Start of DATA FOR REVIEW

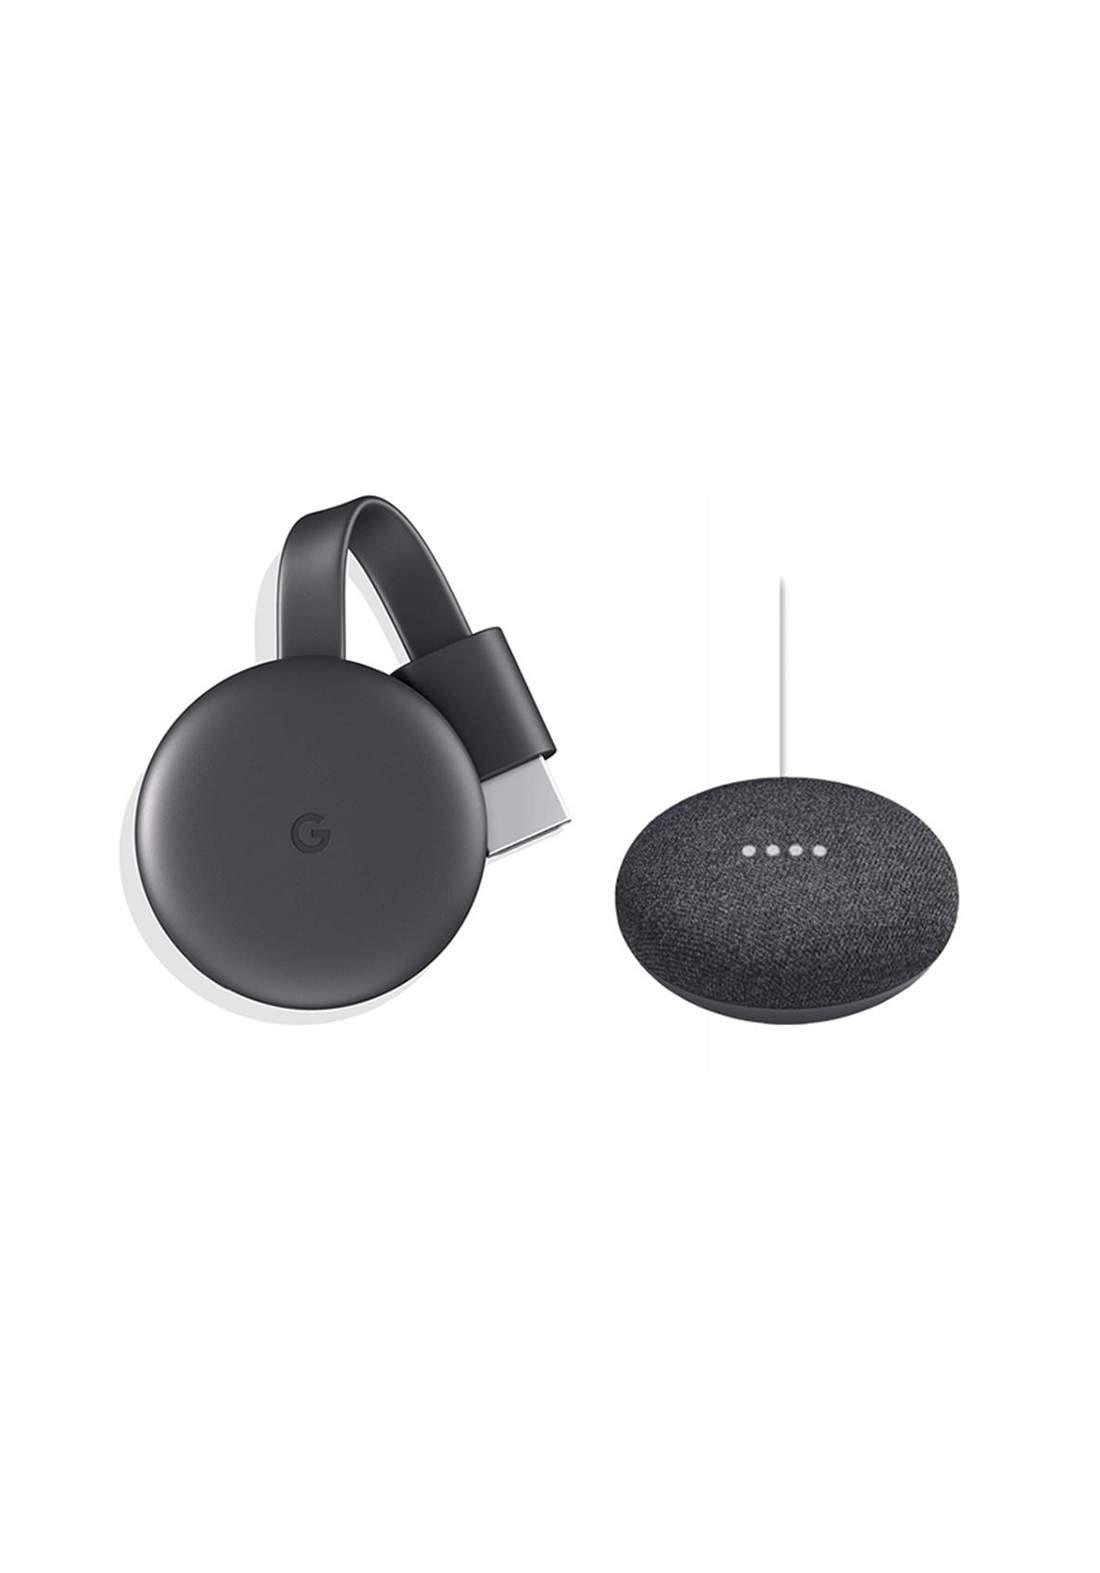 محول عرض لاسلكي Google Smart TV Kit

End of DATA FOR REVIEW
Start of DATA FOR REVIEW

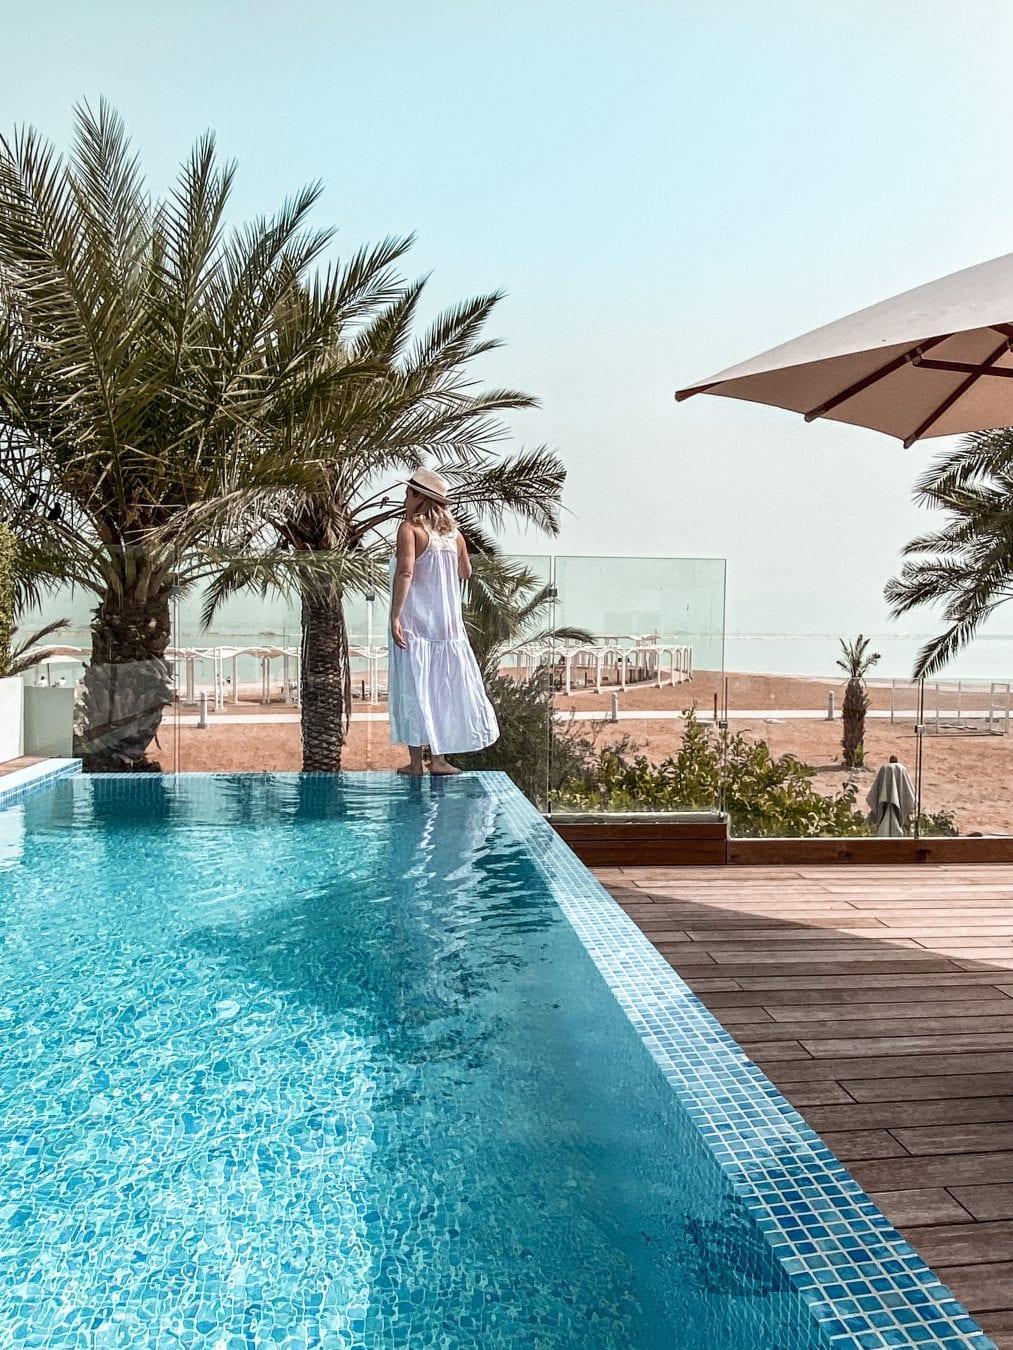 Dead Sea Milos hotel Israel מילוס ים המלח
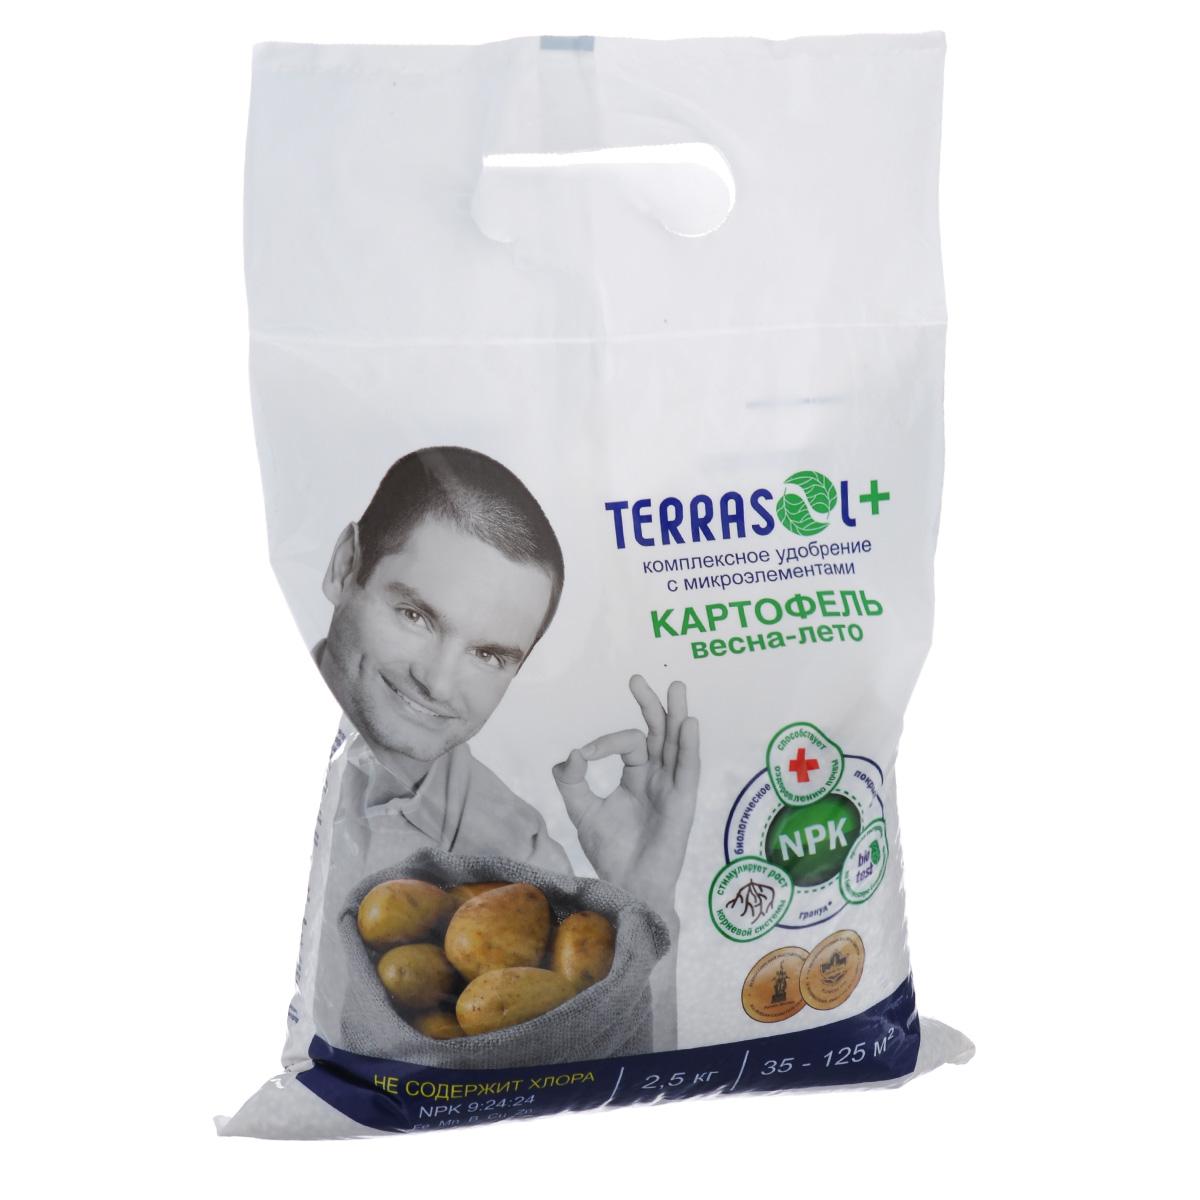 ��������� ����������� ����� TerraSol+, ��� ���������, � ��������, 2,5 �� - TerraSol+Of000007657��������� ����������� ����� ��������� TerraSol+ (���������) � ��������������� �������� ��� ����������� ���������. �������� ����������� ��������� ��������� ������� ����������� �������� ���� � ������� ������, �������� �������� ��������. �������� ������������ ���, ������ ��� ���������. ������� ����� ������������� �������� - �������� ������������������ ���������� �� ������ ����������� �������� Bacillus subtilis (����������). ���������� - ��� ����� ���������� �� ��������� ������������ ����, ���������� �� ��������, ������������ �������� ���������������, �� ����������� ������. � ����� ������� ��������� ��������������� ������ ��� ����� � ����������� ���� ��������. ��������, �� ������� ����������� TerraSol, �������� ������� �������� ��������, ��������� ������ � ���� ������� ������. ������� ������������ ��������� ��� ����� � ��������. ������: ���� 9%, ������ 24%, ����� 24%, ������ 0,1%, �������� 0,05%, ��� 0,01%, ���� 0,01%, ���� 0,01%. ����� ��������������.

End of DATA FOR REVIEW
Start of DATA FOR REVIEW

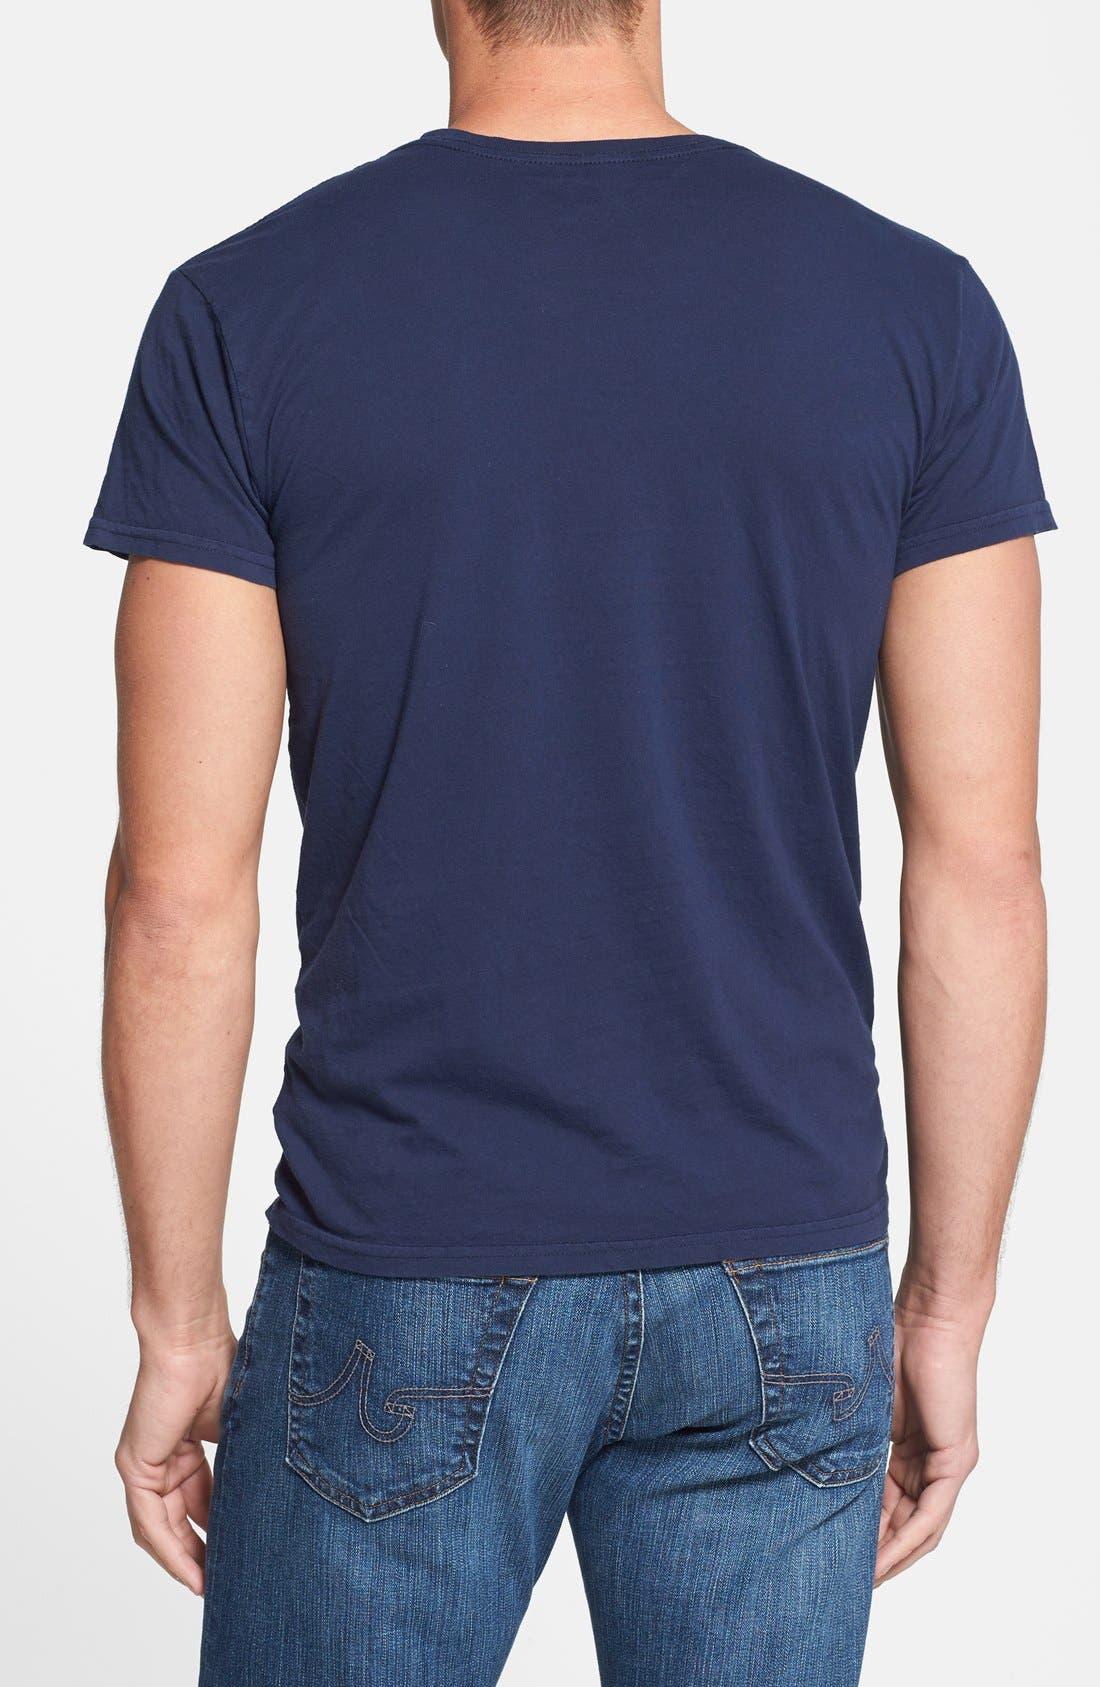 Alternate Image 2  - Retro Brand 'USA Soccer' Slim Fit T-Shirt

End of DATA FOR REVIEW

PROBLEM TO SOLVE:
Only one stretch of the data is wanted: write out exactly the lines from the one holding "Dead Sea Milos hotel Israel מילוס ים המלח" through the one holding "0,01%, ���� 0,01%. ����� ��������������.", both included, without the pictures.

TASK OUTPUT:
 Dead Sea Milos hotel Israel מילוס ים המלח
 ��������� ����������� ����� TerraSol+, ��� ���������, � ��������, 2,5 �� - TerraSol+Of000007657��������� ����������� ����� ��������� TerraSol+ (���������) � ��������������� �������� ��� ����������� ���������. �������� ����������� ��������� ��������� ������� ����������� �������� ���� � ������� ������, �������� �������� ��������. �������� ������������ ���, ������ ��� ���������. ������� ����� ������������� �������� - �������� ������������������ ���������� �� ������ ����������� �������� Bacillus subtilis (����������). ���������� - ��� ����� ���������� �� ��������� ������������ ����, ���������� �� ��������, ������������ �������� ���������������, �� ����������� ������. � ����� ������� ��������� ��������������� ������ ��� ����� � ����������� ���� ��������. ��������, �� ������� ����������� TerraSol, �������� ������� �������� ��������, ��������� ������ � ���� ������� ������. ������� ������������ ��������� ��� ����� � ��������. ������: ���� 9%, ������ 24%, ����� 24%, ������ 0,1%, �������� 0,05%, ��� 0,01%, ���� 0,01%, ���� 0,01%. ����� ��������������.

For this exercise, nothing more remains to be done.